Working on Instahero these past few days, doing mostly customer development, I’ve frequently needed to log in as a user and see what they see, so I could walk them through using Instahero, troubleshoot issues they were having, or better respond to feedback.

To achieve that, I had written a custom authentication backend that allowed me to log in as any user I needed. This worked well, but it was a bit cumbersome because I had to log out and log back in through a custom interface.

I thought a bit, and came up with a much more elegant solution. A “Log in as user” button in the Django admin interface, on the user’s page:

"Log in as" button

I thought a bit about how to do that, and the admin interface was easy enough, since you can just extend it with a custom template. I added a corresponding view that serves a URL of the form /login/user/<id> and logs you in as that user, if you are already logged in as a superuser (it fails otherwise, which might not be what’s needed, since sometimes staff might need to log in as other users too).

The view was a bit trickier, as Django wants you to call authenticate() before login(), and authenticate() needs the user’s credentials to work. I could add a dummy backend, but that seemed superfluous, so I searched a bit and came upon this snippet, which lets you perform the appropriate magic manually and satisfy Django without calling authenticate().

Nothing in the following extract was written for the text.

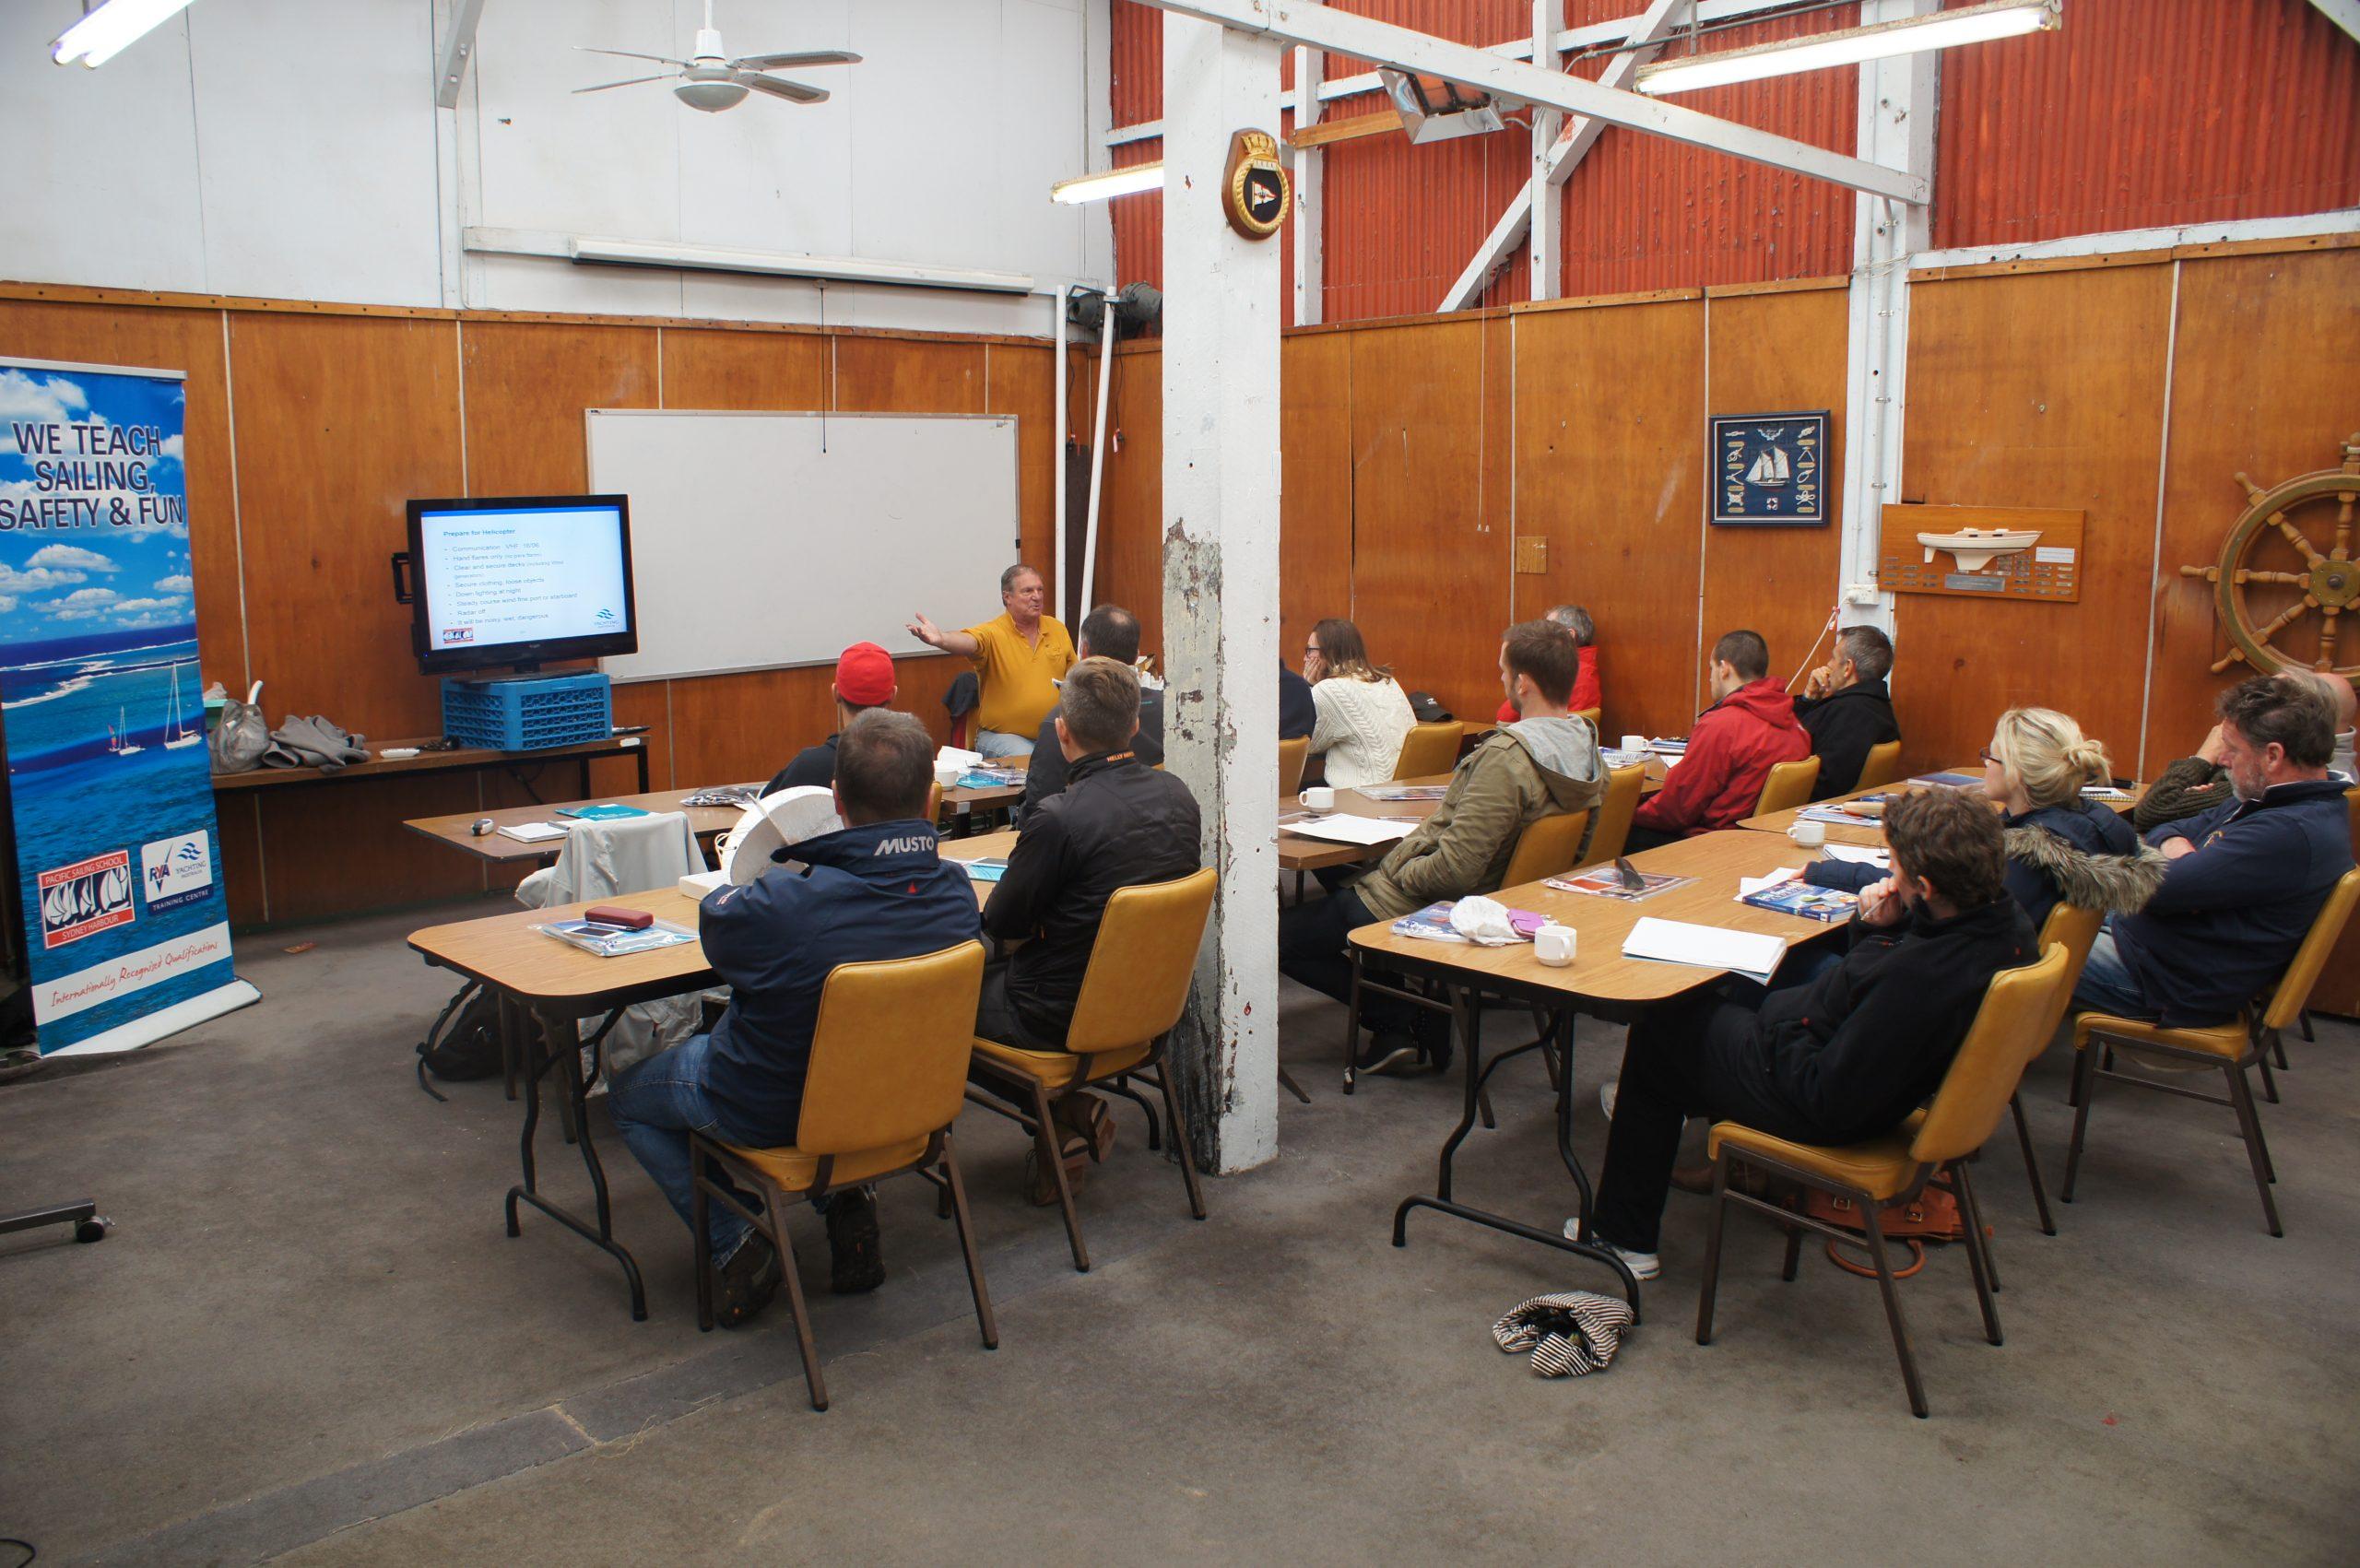 Classroom at RANSA for Pacific Sailing School.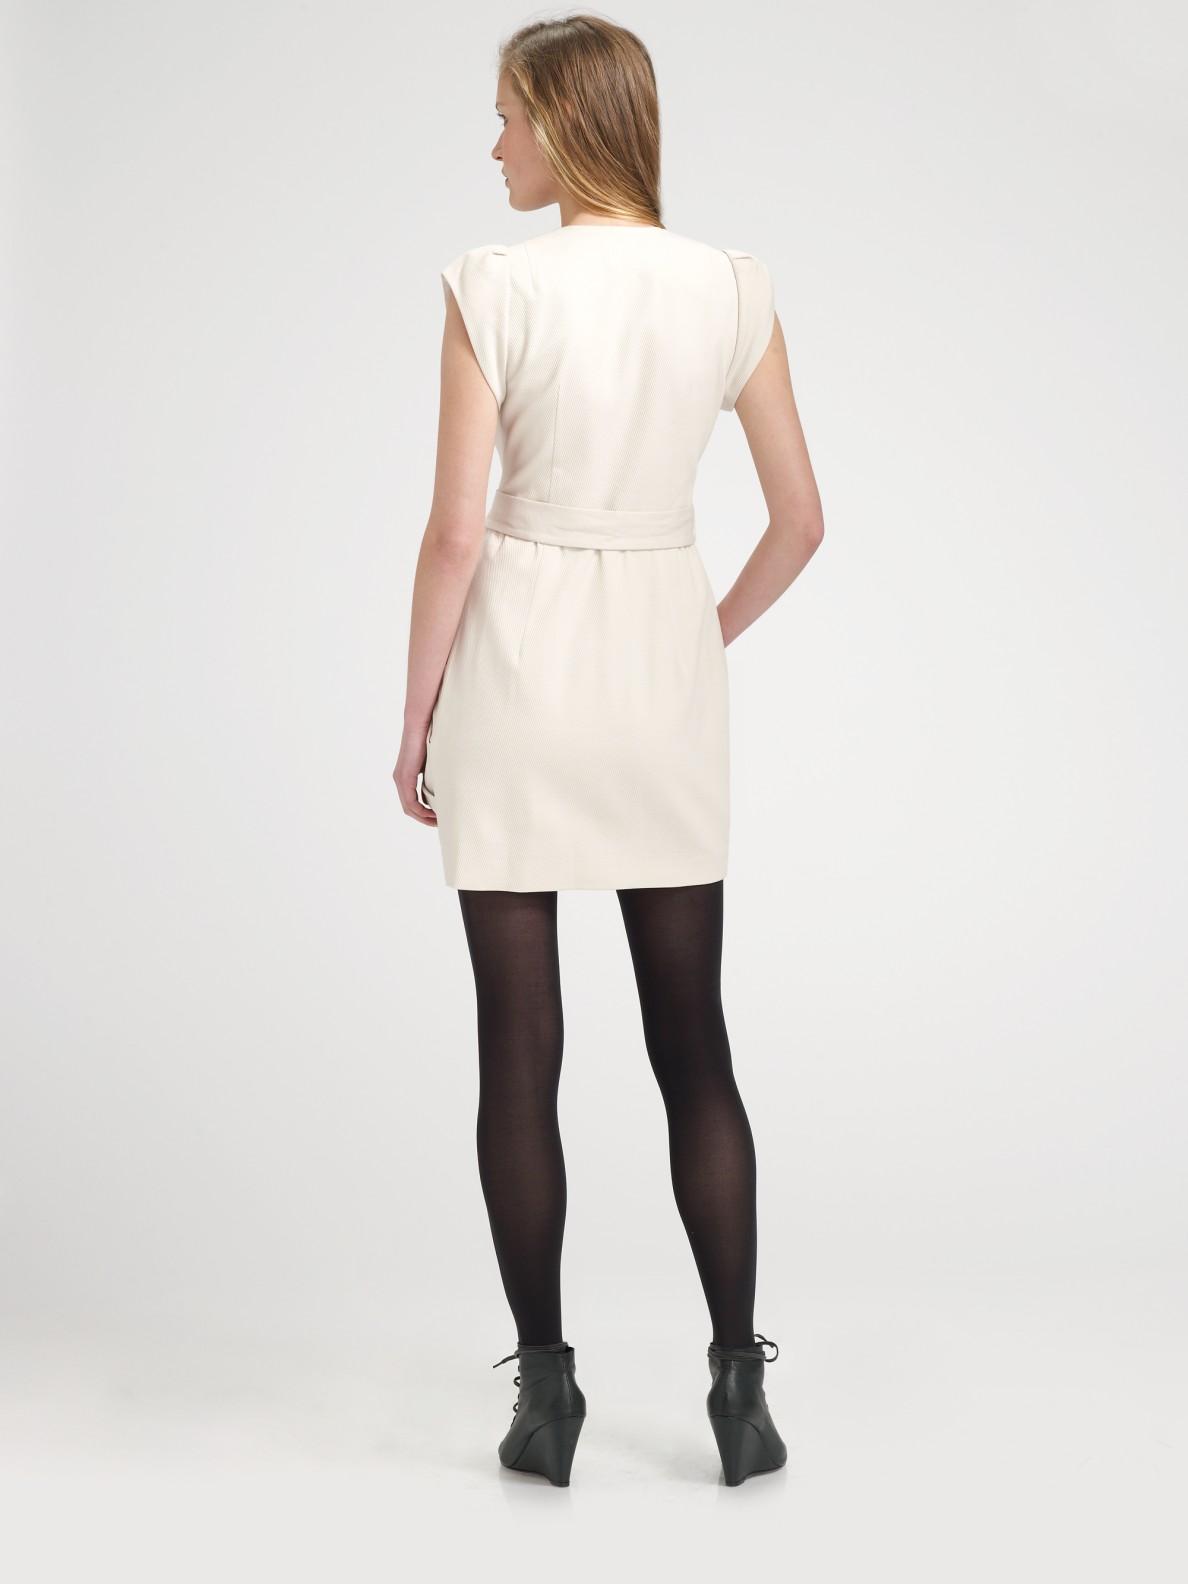 Lyst - Nanette Lepore Casino Royale Dress in Natural

The resulting app works very well so far, and I am very pleased with it. It has already made a big difference in how easily I can offer support to my users. I have called it django-loginas and put it up on Github here:

https://github.com/stochastic-technologies/django-loginas

I haven’t packaged it up yet, or uploaded it to PyPI, but if someone wants to package it and send me a pull request, I’ll accept and upload it right away. Let me know what you think!